The rules must by byzantine. I notice that the specific department of the
government is redacted. That might be to protect the innocent. But other bits
redacted are just bizarre. e.g. They redacted a version number in front of a
policy name. They left the policy, but covered which version it was. ???

I have not met any, but I expect redactors are either grunts trained in global
guidelines but without specific knowledge of what they are reading, or they
are the people familiar with the material and are irritated to be taken away
from their actual work. Either way there will be variable work. Secrets will
be missed. Non-secrets will be redacted. I predict they err to the latter.

The FOIA requests are allowing out evidence that documents improper searches
and information gathering. So, to that extent they are working.

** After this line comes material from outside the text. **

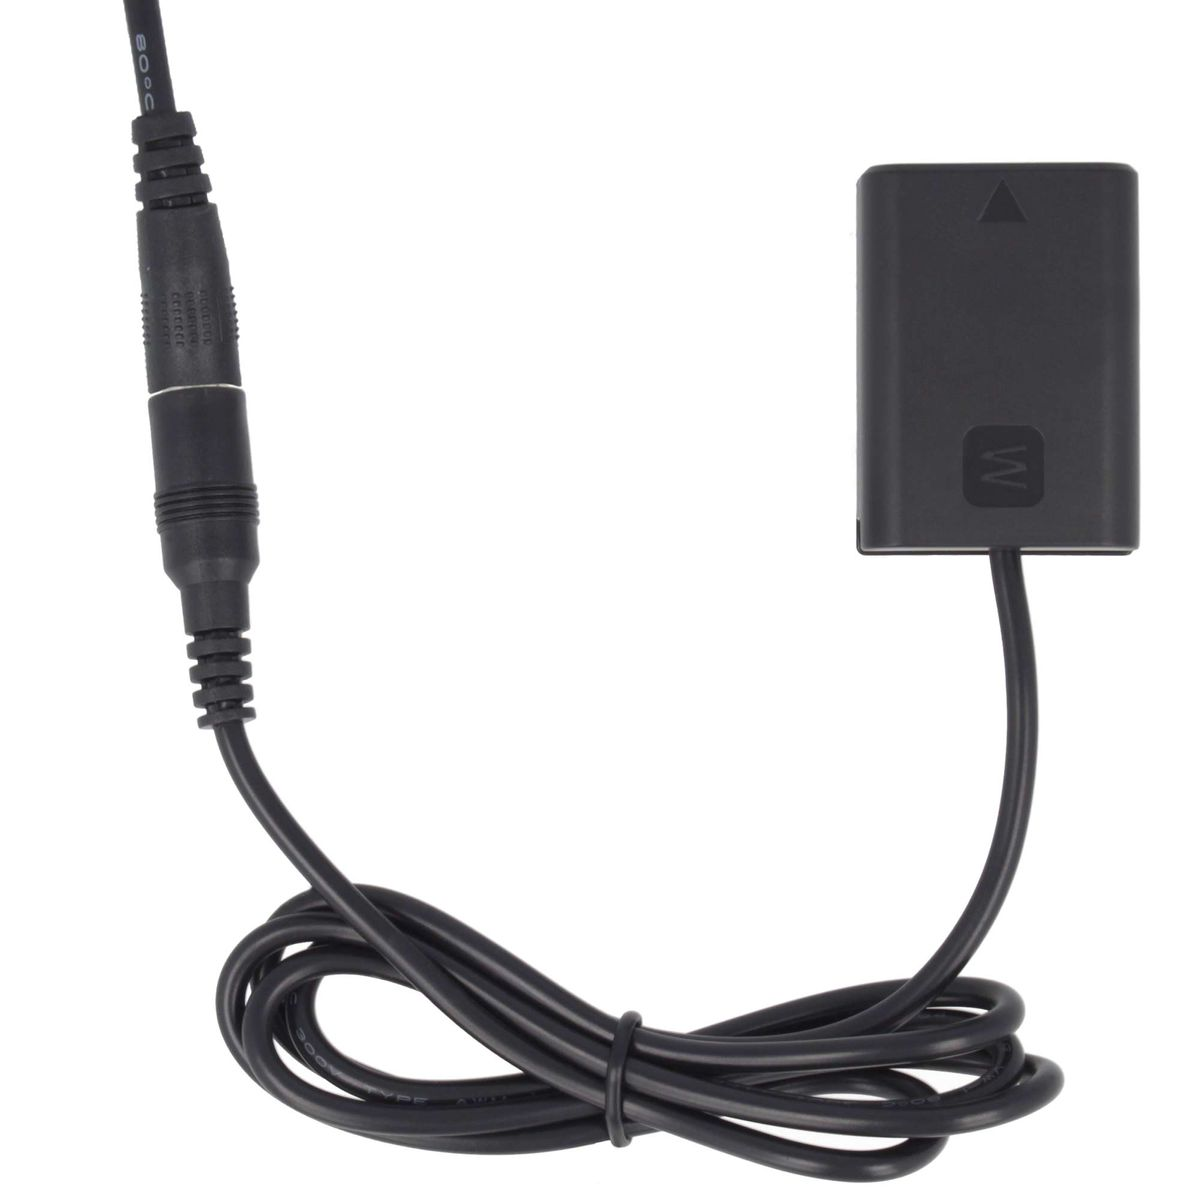 AKKU-KING USB-C Adapter + Kuppler Sony, Angabe keine mit kompatibel Sony AC-PW20 Ladegerät

Did the EFF make their entire corpus available so people can see how well? I
didn't see a link in the article.

[1] Also note, the EFF isn't scouring documents to uncover unlawful
information gathering, these are summaries of internal government self
investigations.

------
wooster
Surprise?

An internal FBI FOIA tracker could solve this problem, but the project to
develop it would probably cost $3 billion and take 5 years.

------
Mithrandir
Damn, you beat me to the punch: <http://news.ycombinator.com/item?id=1985661>

------
sukuriant
You know, with enough requests for the document, given their inconsistent
redacting practices, you could probably reproduce the whole manuscript.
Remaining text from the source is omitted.